Assignment
Retype the data below exactly; skip every image.

Supplied material
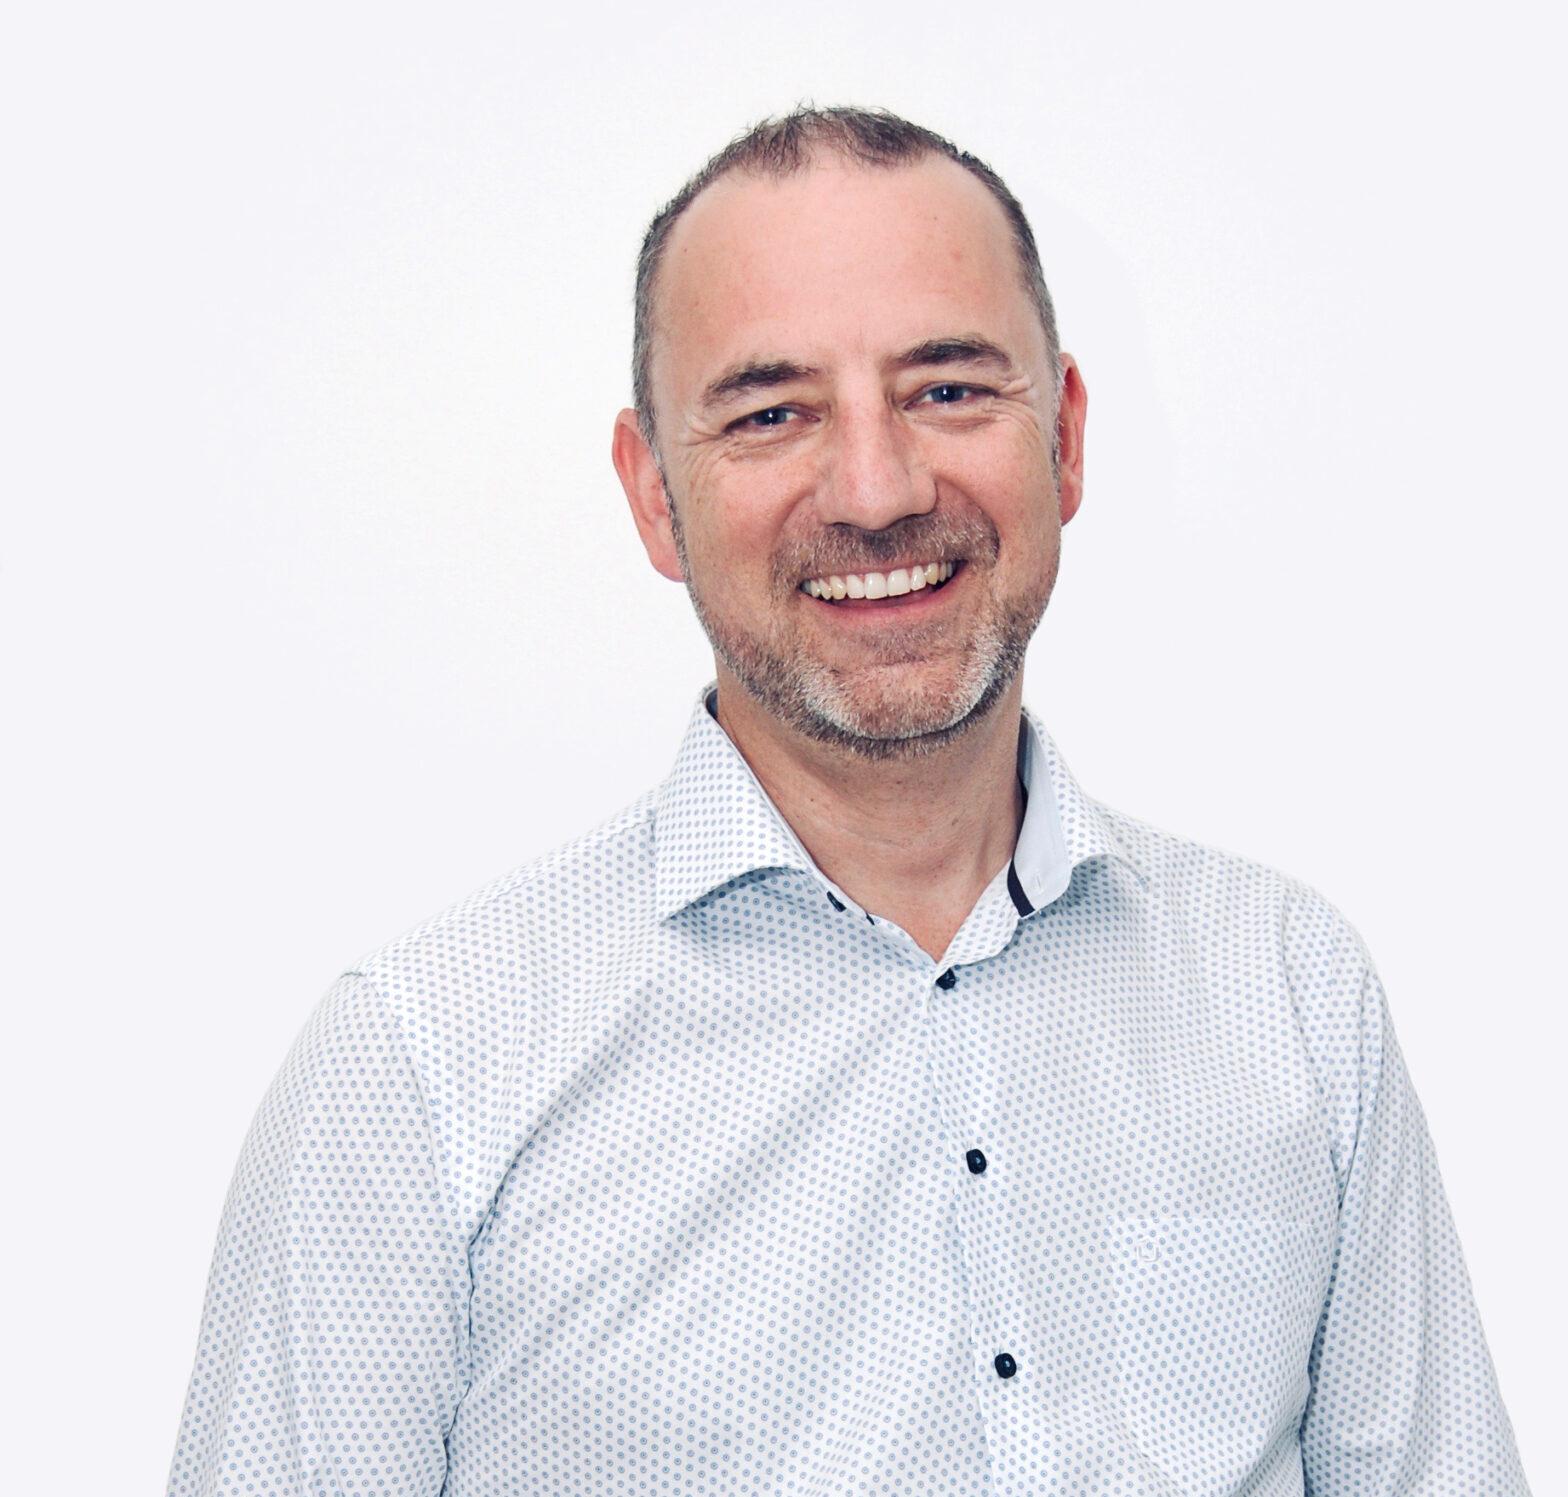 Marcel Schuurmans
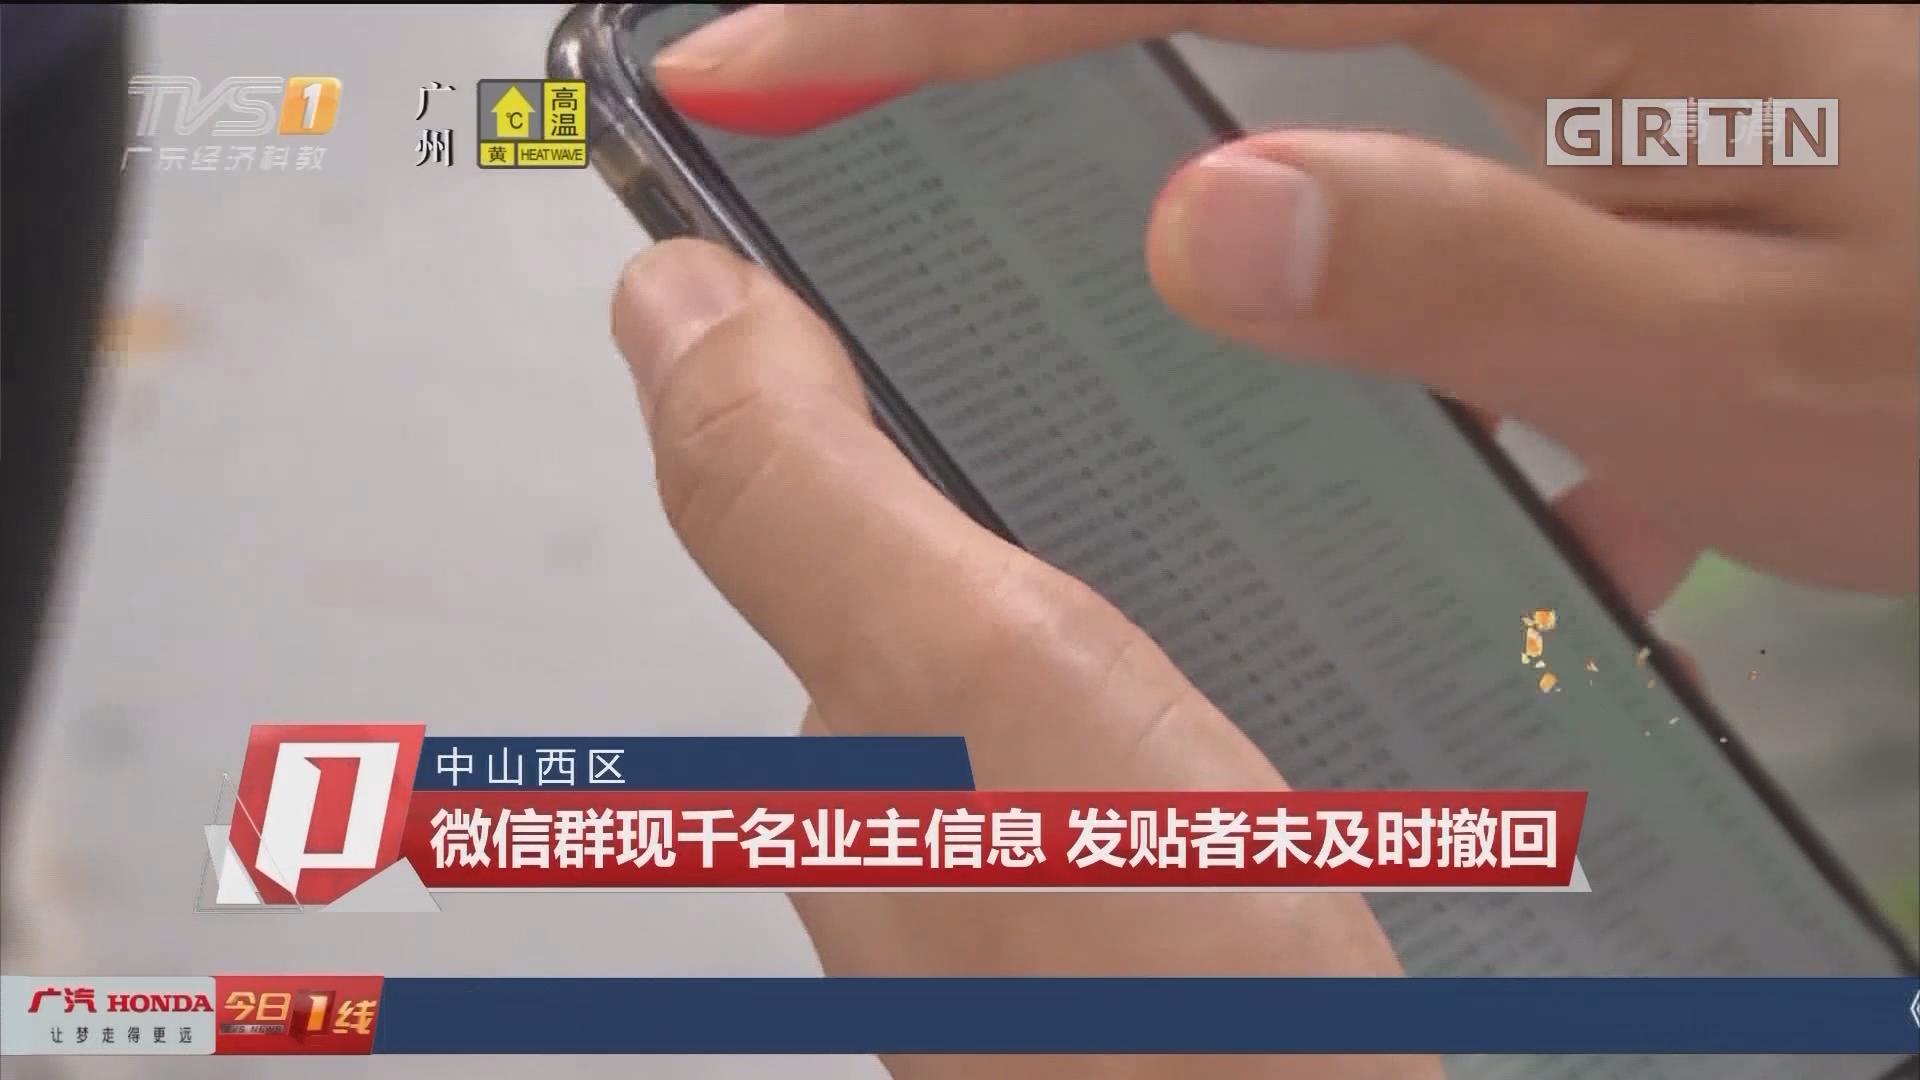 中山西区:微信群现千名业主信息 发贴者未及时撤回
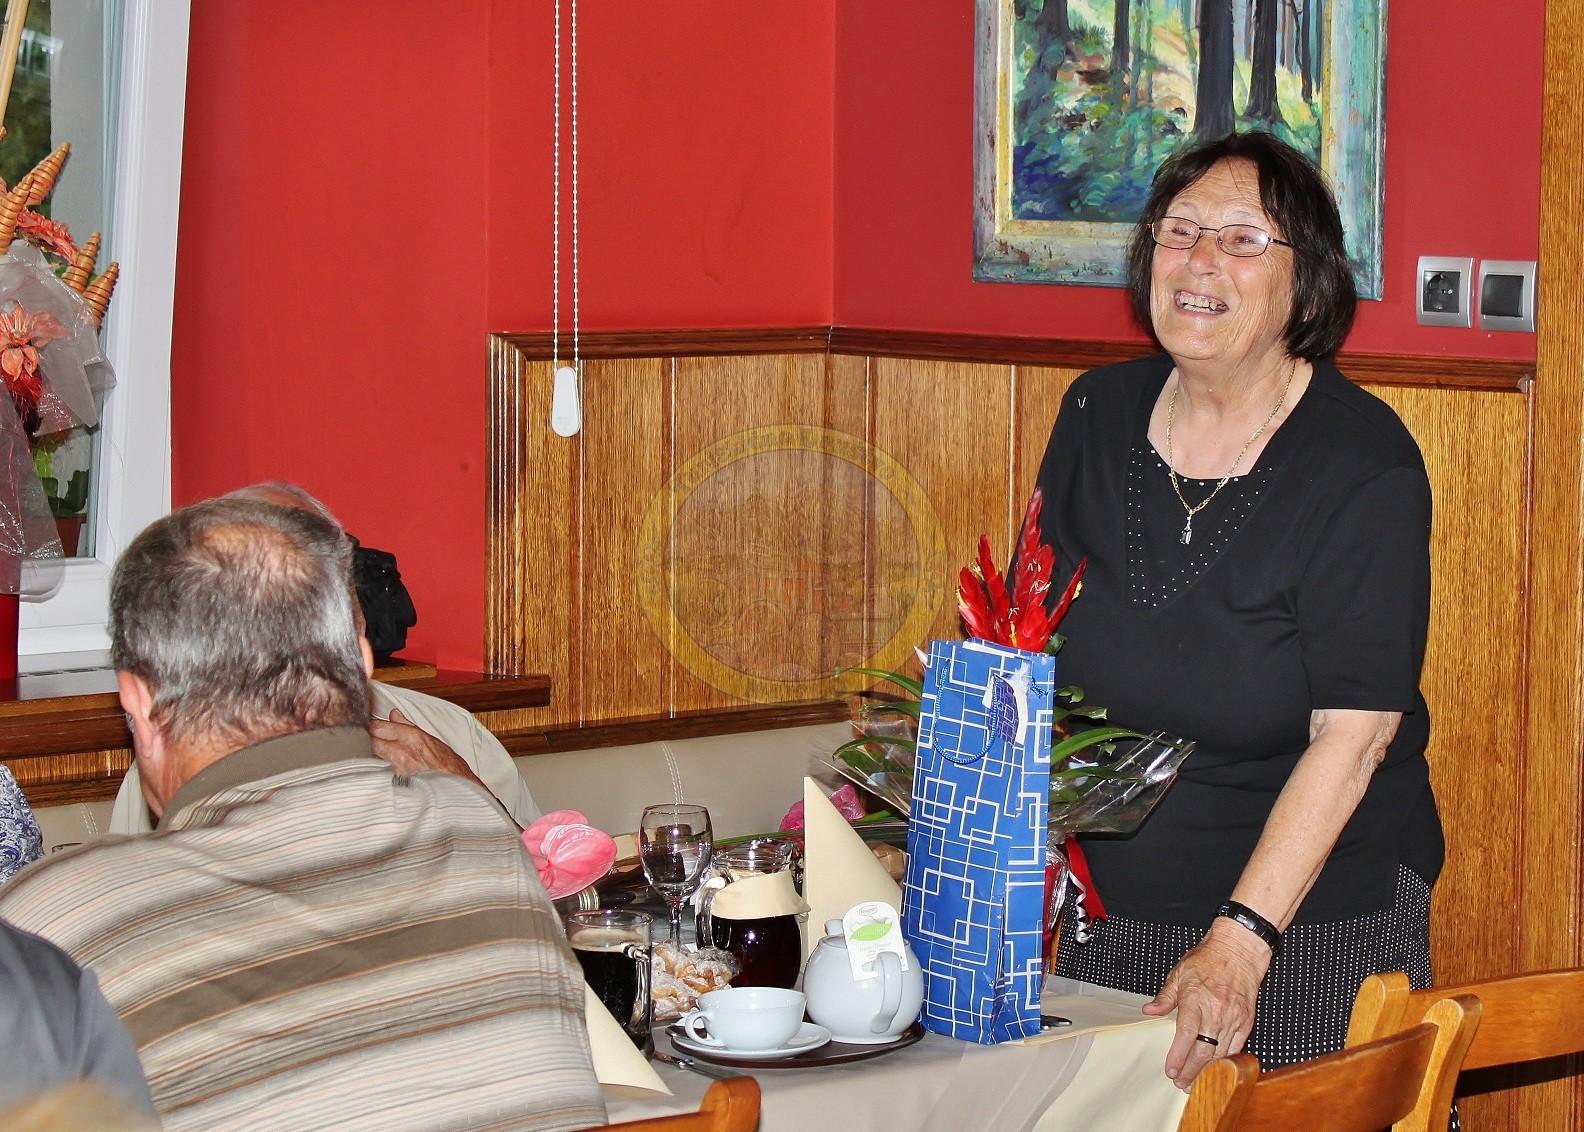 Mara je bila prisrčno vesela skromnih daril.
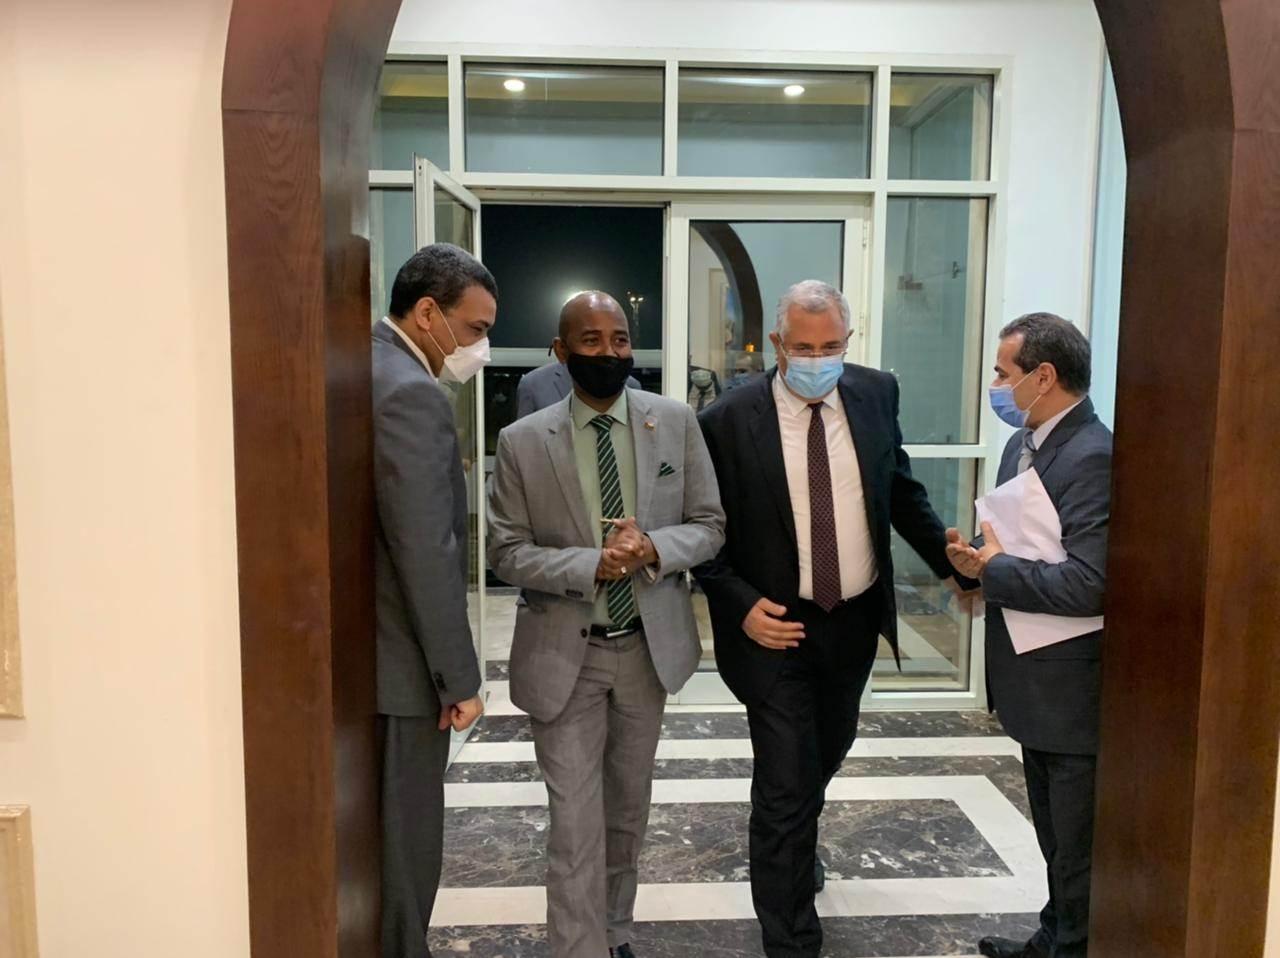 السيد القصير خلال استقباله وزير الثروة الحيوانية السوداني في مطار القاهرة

Worked solution
 Marcel Schuurmans
 中山西区:微信群现千名业主信息 发贴者未及时撤回
 Mara je bila prisrčno vesela skromnih daril.
 السيد القصير خلال استقباله وزير الثروة الحيوانية السوداني في مطار القاهرة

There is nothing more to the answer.